● Data:
------------
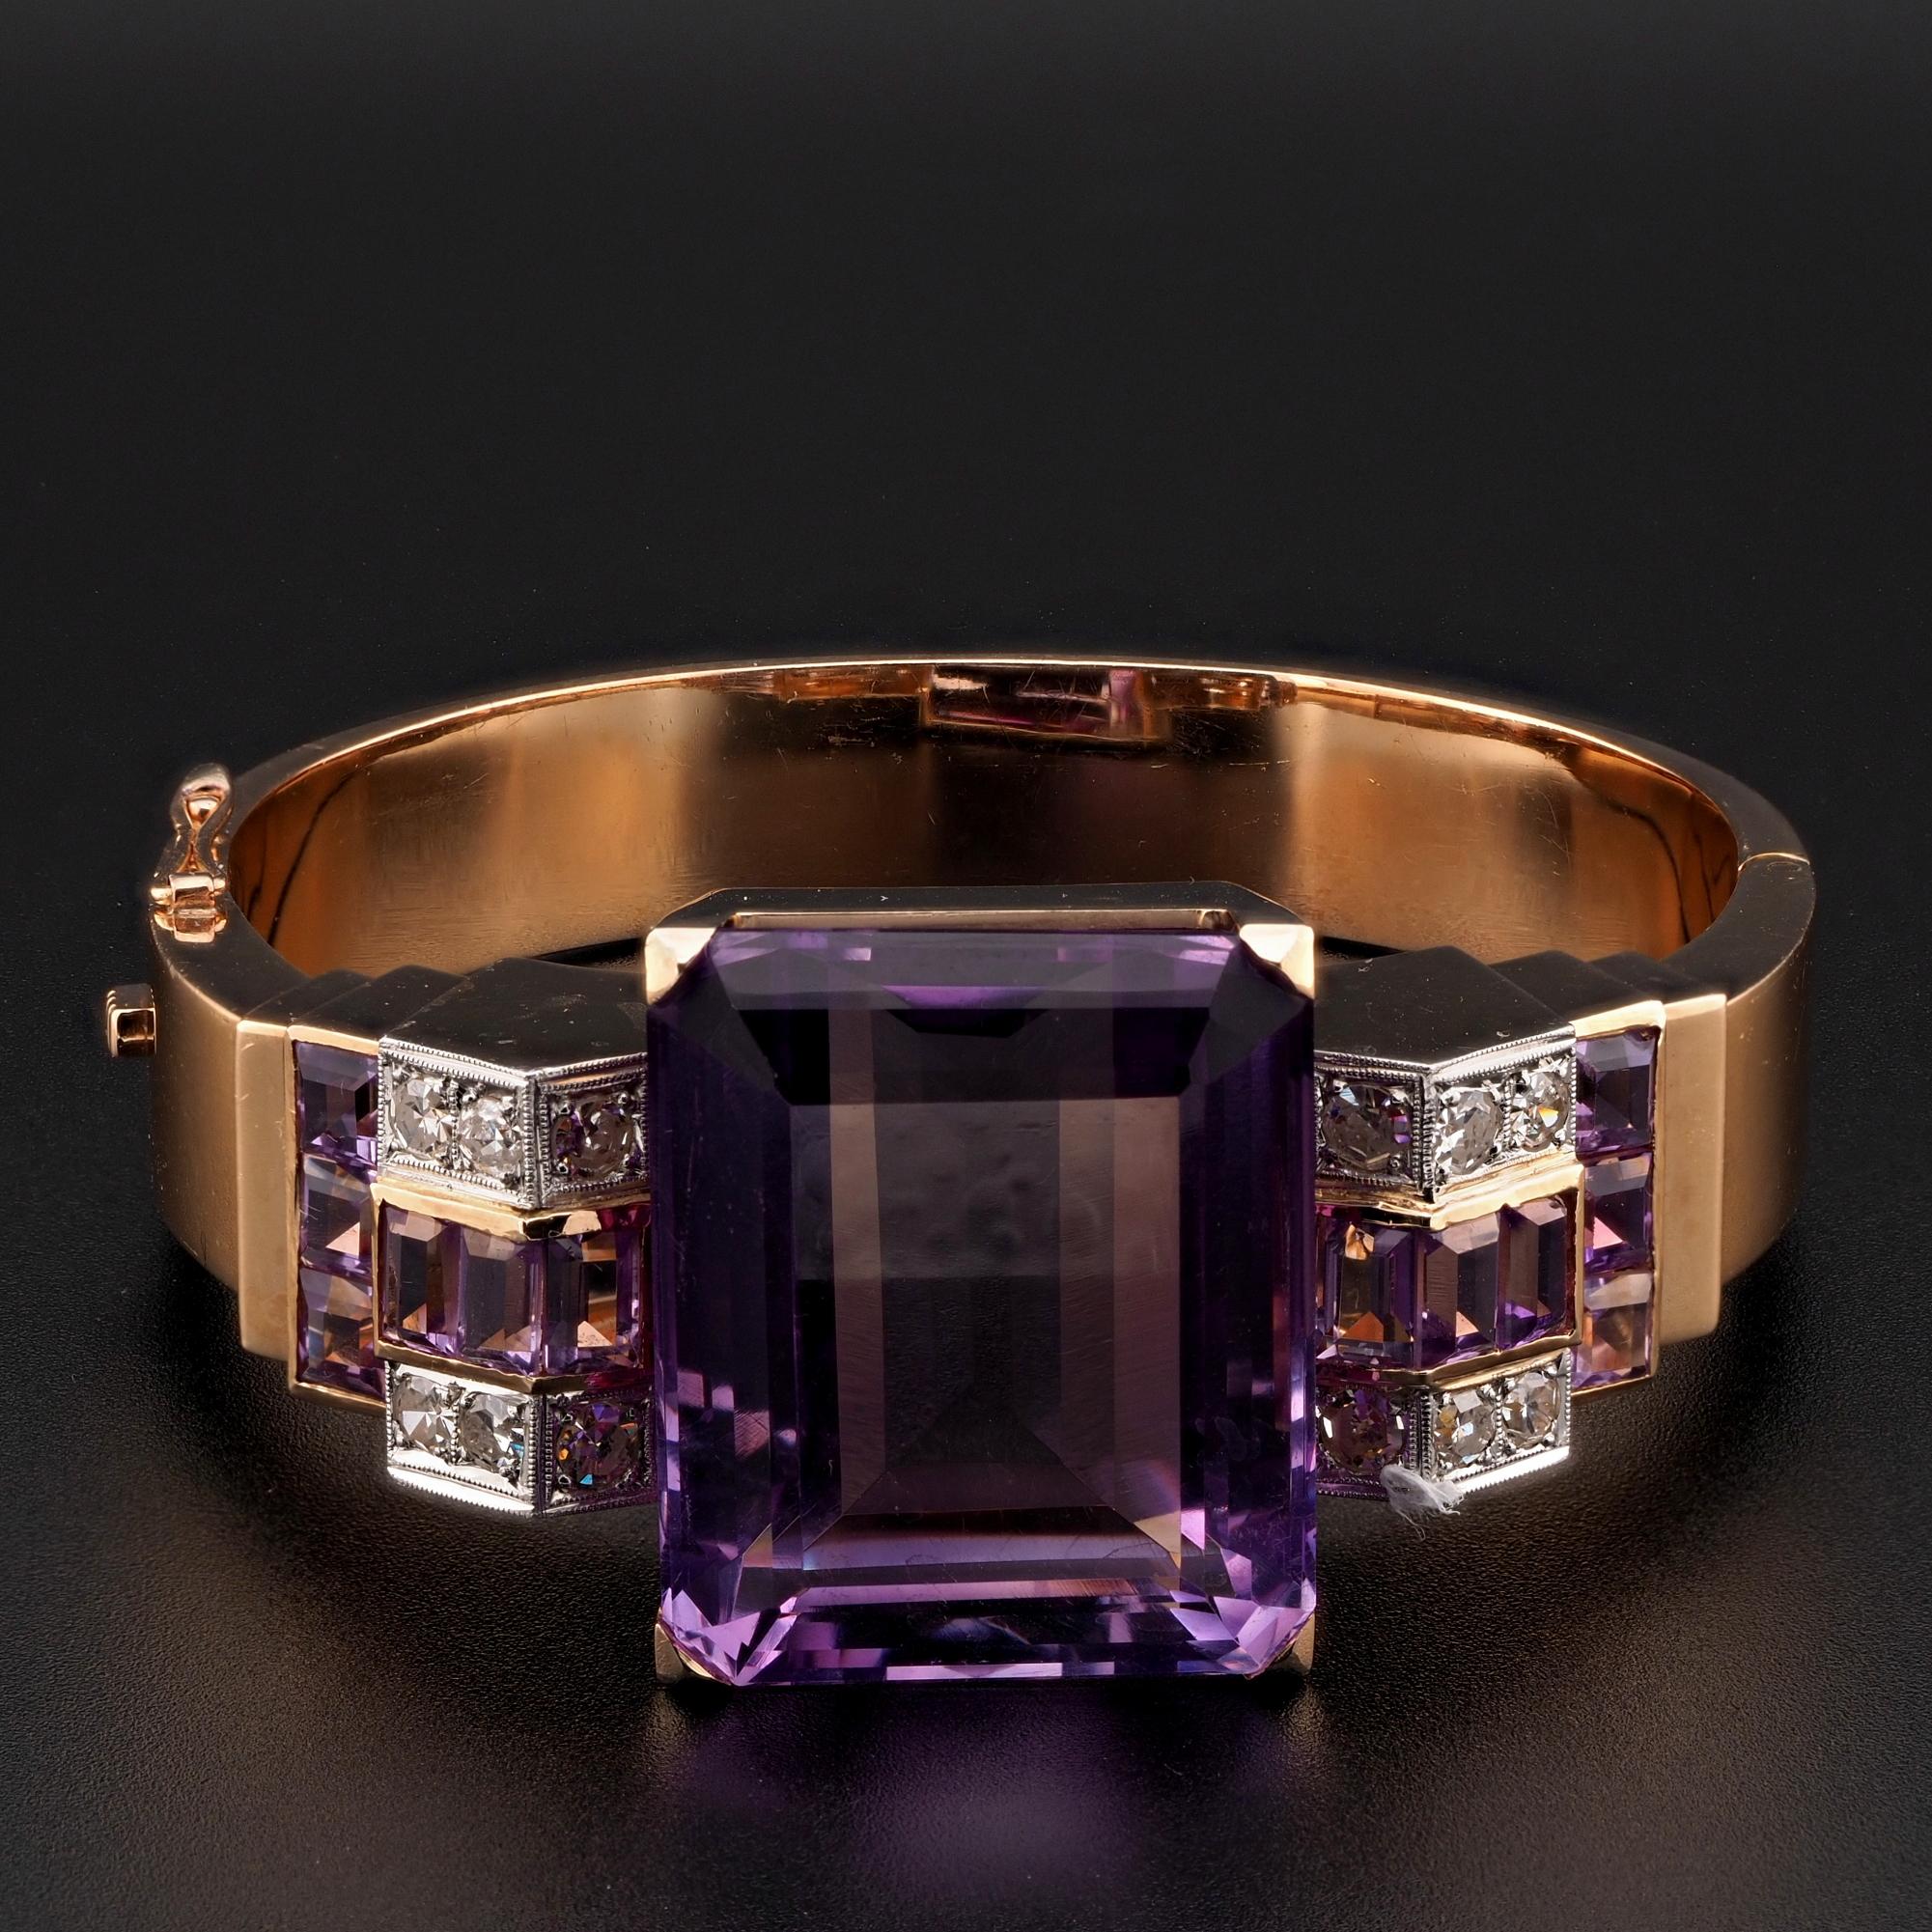 Statement Bangle
This absolutely stunning antique bangle is 1930/35 ca.
Hand crafted as unique, no other one like this one, done of solid 18 KT gold quite rosè colour and Platinum
It is beautifully designed in a strong Deco character upon the centre
------------
● Work instructions:
Each line from the one containing "Hand crafted as" through the final line of the listing above should be returned exactly; return nothing else.

● Written reply:
Hand crafted as unique, no other one like this one, done of solid 18 KT gold quite rosè colour and Platinum
It is beautifully designed in a strong Deco character upon the centre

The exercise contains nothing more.